For better structure to emerge in OpenDataDEx, the information that would most likely create the best clustering and navigation is why a dog is famous. This data is lacking in Wikidata, so dogs are much more chaotically and unexpectedly connected. You won’t find all search-and-rescue heros grouped together, or social media darlings grouped together, especially because these dogs are of varied breeds and level of fame. Certain reasons can be inferred from the data, such as having a property “ownedBy” and the value being an entity who themselves have the tag “occupation:leader of a nation”. But this indirect reasoning is difficult to capture by an ontologically-neutral exploration tool like the OpenDataDEx. Fortunately, enough patterns can be found from tags for navigation to still offer unique insights into the data.
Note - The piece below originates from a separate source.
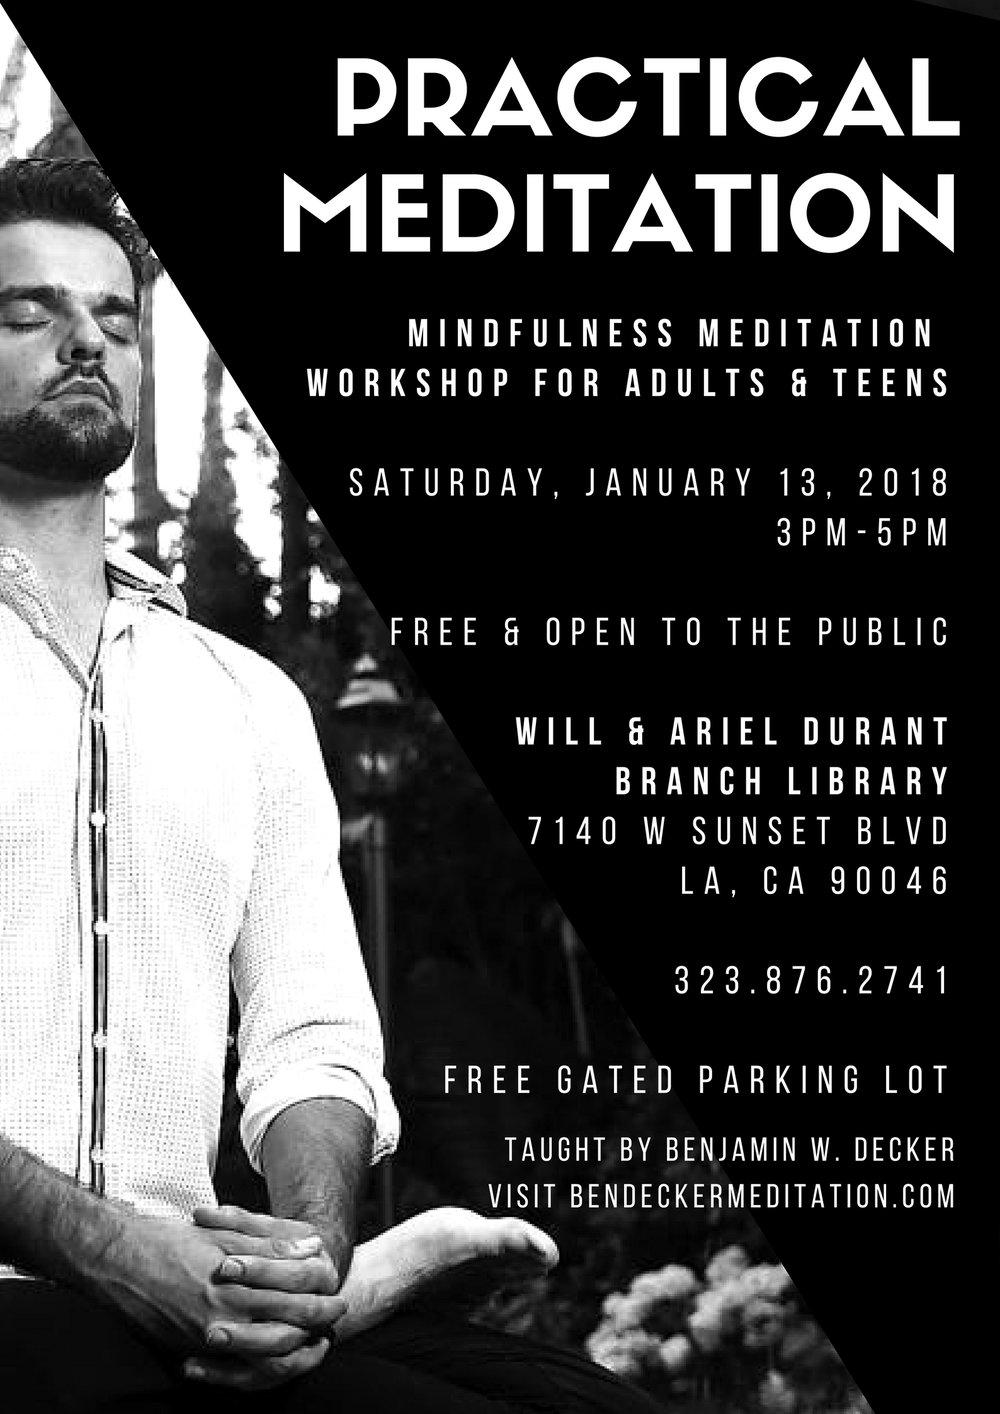 LAPL Practical Meditation Jan 13.jpg

Querying Wikidata for Notable Dogs
The SPARQL logic to query Wikidata for instances of dogs is very straightforward: a single triple “?dog wdt:P31/wdt:P279* wd:Q144 .”, where P31 is Wikidata’s foundational “instance of” property, P279* provides for all subclass instances, and Q144 is the basic “dog” entity (Note that the “/” operator allows SPARQL shorthand for “?dog wdt:P31 ?x . ?x wdt:P279* wd:Q144 .”). The Wikidata SPARQL endpoint currently returns that entire result set fairly quickly, and it provides a reasonable complete set of the well-known dogs in Wikidata, so this query is sufficient for notable dogs exploration. No further refinements are needed for our exploration. Alternative query logic was investigated, but no other paths gave results as complete and useful as just using P31/P279*.
This query also makes it very easy to create similar DEx knowledge graphs, but for different species. Change Q144 to Q146, and you’ll get all Wikidata instances of cats. Change it to Q726, and you’ll get all Wikidata instances of horses. You could even do a union for dogs and another species, giving unexpected comparisons in the data exploration.
Notable Dogs data as a Knowledge Commons
The stories of famous dogs exist with the narratives of humanity, becoming myth, entertainment, and inspiration. The huge amount of media that has been created around these dogs tells me that having sources for their compilation and details has real value. While Wikidata serves as a general Open Data resource for this information, its Linked Data nature means that anyone, anywhere, can curate the knowledge of only the dogs and metadata they care about, and that subset can be linked via RDF URIs to support a more full knowledge. This will help fill in the gaps we see that exist in Wikidata, especially the details on reasons for notability. My hope is that different communities, whether they be fandoms, pop culture archivists, historians, etc., continue this curation using Semantic Web principles so that the Notable Dogs Knowledge Commons that emerges can truly serve as a public resource.
For a demonstration of the potential of a Knowledge Commons, see the video above exploring notable dogs Open Data using the OpenDataDEx.